Попытки обосновать центральную роль культуры были направлены против официальной марксистской теории и советской идеологии, согласно которым развитие производства и классовая борьба играли главную роль в истории. При этом речь нередко шла не столько об объективной значимости этих факторов (хотя и о ней тоже), сколько о типе человеческой личности, об общественной значимости которого – и о своей приверженности которому – исследователь заявлял, выбирая тот или иной предмет изучения. Формальные области исследований могут быть и были тогда своего рода символическим языком, на котором велось обсуждение этих вопросов – не в последнюю очередь потому, что поставить их напрямик в подцензурной печати (в том числе научной) не было возможности. Той ценностью, которую исследователи культуры утверждали своей работой в позднесоветский период, была концепция человека как субъекта культуры, а не как члена сражающегося коллектива, участника классовой борьбы или – в лучшем случае – аполитичного технократа на службе режиму6.
Научная и гражданская биография Юрия Львовича Бессмертного точно отразила ту эволюцию наиболее творческой части советской интеллигенции, которая привела ее к утверждению культуры как высшей ценности. Успех этой теории стал одним из важнейших факторов идеологической коррозии коммунистического режима и интеллектуальной подготовки демократических преобразований российского общества – равно как и других восточноевропейских стран, в которых научные поиски в гуманитарном знании во многом развивались в аналогичном направлении.
Ю. Л. Бессмертный родился в Москве в 1923 году. Его семья, как и многие другие, пострадала от сталинских репрессий – отец был арестован и умер в лагере. Юрий Львович, однако, смог в 1945 году поступить в Московский университет на исторический факультет (до этого он недолго проучился в Энергетическом институте, а затем в военном училище – шла война, – но быстро понял, что точные науки, по которым он хорошо успевал, его совершенно не интересовали). В университете он специализировался по кафедре истории Средних веков, и эта область исследований, которую он страстно полюбил, стала его профессией. Здесь уместно сказать о той роли, которую медиевистика, особенно исследования западного Средневековья, играла в развитии историографии, причем не только в СССР, но и в мире.

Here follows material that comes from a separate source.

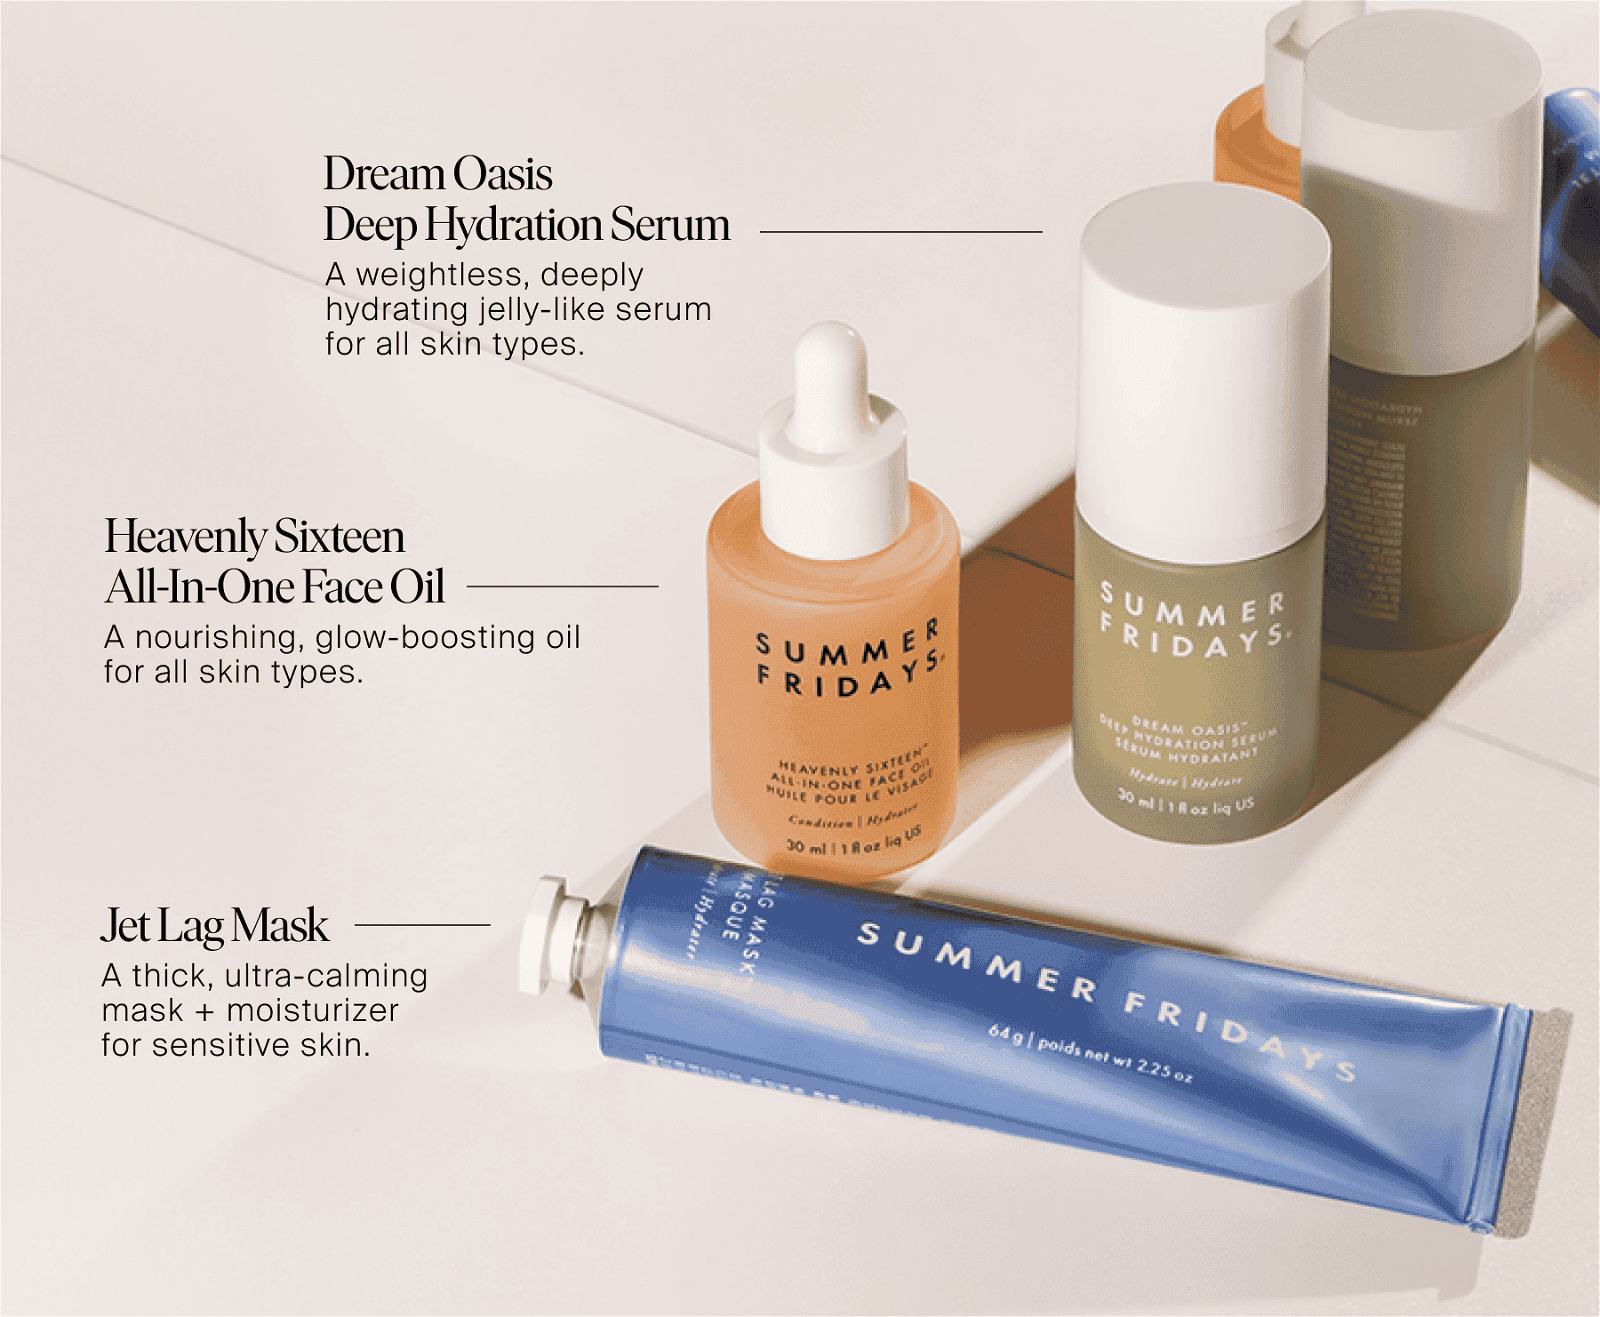 Dream Oasis Deep Hydration Serum, Heavenly Sixteen All-In-One Face Oil and Jet Lag Mask
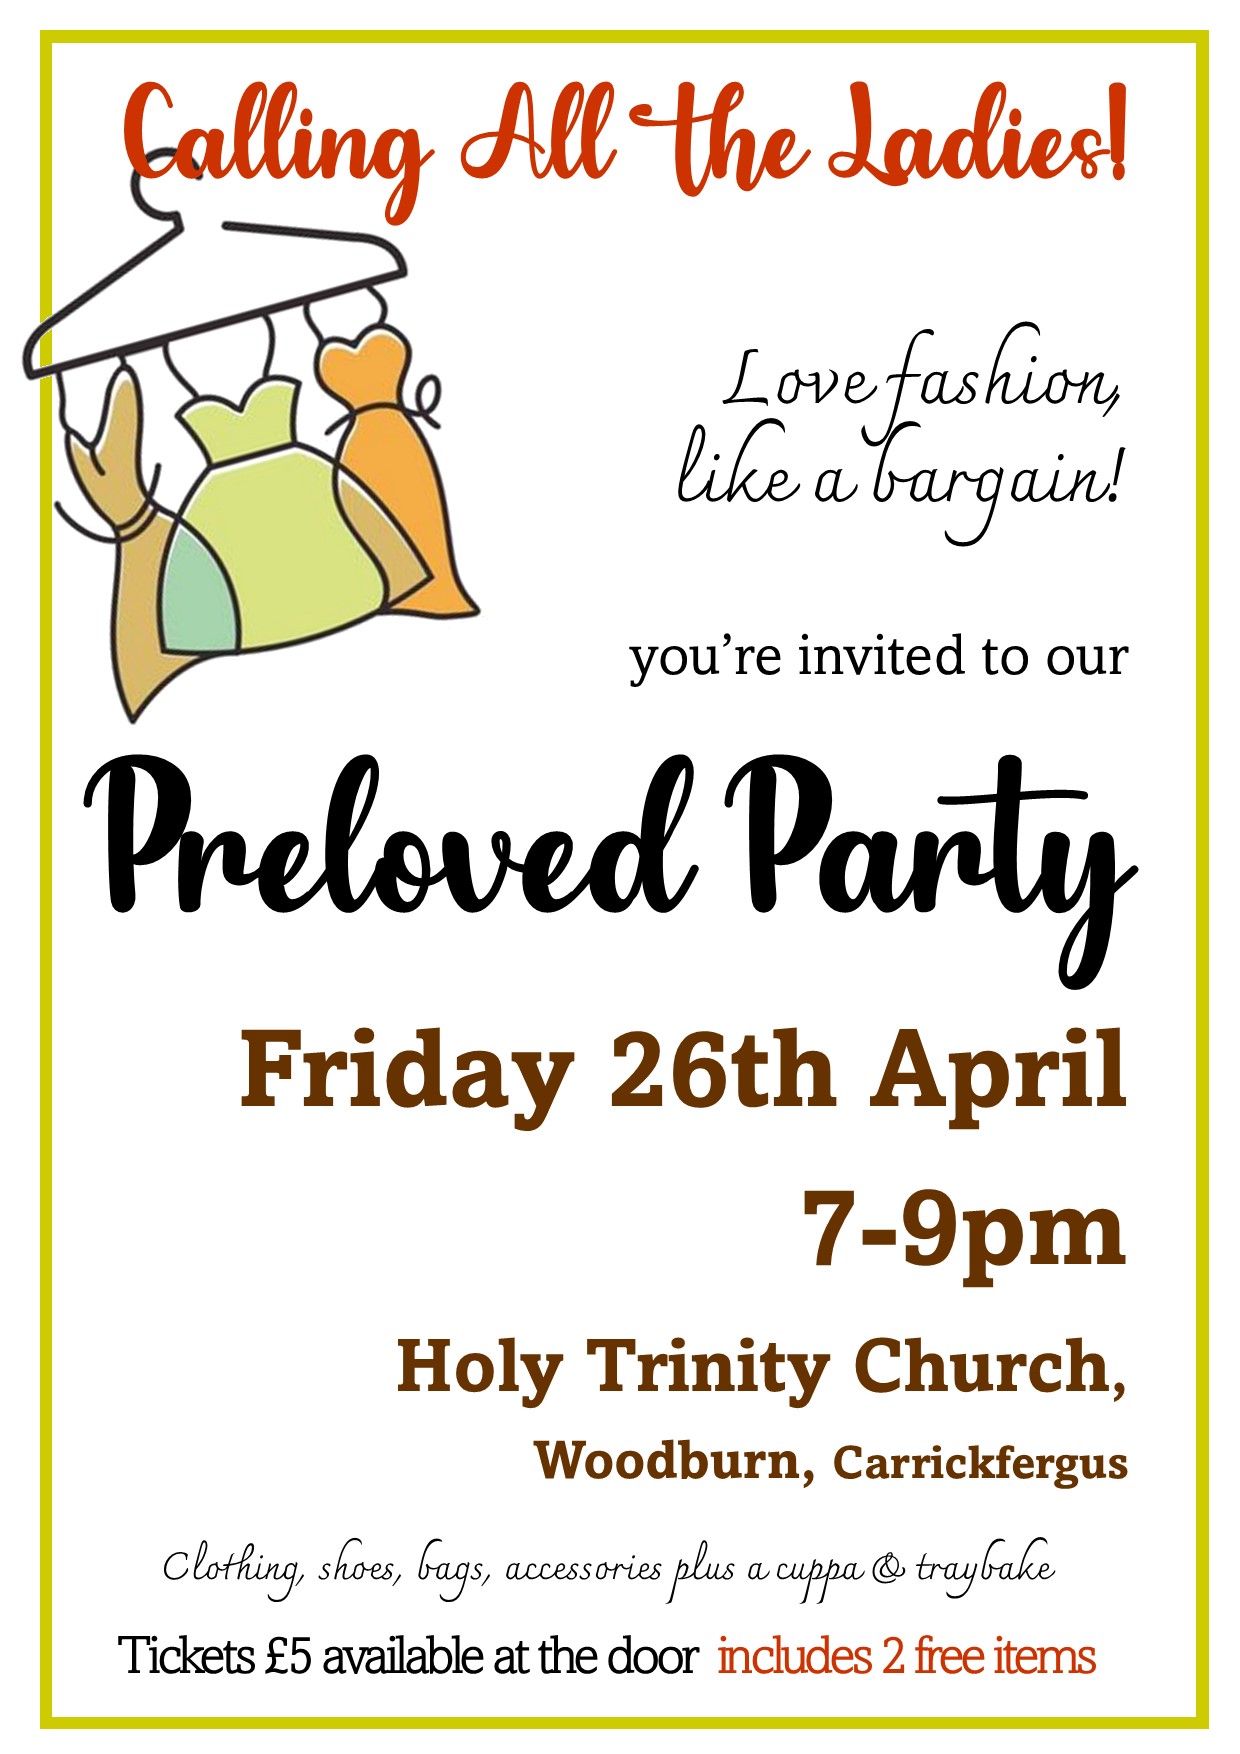 Love fashion? Like a bargain? You're invited to our Preloved party. Friday 26th April, 7-9pm, Holy Trinity Church, Woodburn Carrickfergus. Tickets £5 at the door includes 2 free items. The image includes a drawing of some women's clothes on a hanger.

«Классическая» историография формировалась в XIX веке преимущественно как изучение Средневековья и раннего Нового времени, потому что более современная история тогда была еще сравнительно недавней политикой. К тому же вплоть до второй половины XIX века у европейских культурных элит сохранялось ощущение, что Средневековье только недавно завершилось, что поколение, условно говоря, Джона Стюарта Милля появилось на свет еще при феодализме (конечно, речь шла о сословном обществе, в котором доминировала земельная аристократия, но термины, которые при этом употреблялись, были именно «Средневековье» и «феодализм»)7. Чтобы понять современность, надо было изучить прежде всего недавний отрыв от сословного общества, опыт реформ и революций. Далее, интерпретации Средневековья были во многом центральными для формулирования концепций национальной истории – особенно в Германии, где именно в Средневековье историки и фольклористы искали воплощение национального духа, отличавшего эту страну от Англии и Франции с их буржуазно-либеральными ценностями и понятиями8. А ведь именно Немецкая историческая школа задавала тогда тон в исторической науке.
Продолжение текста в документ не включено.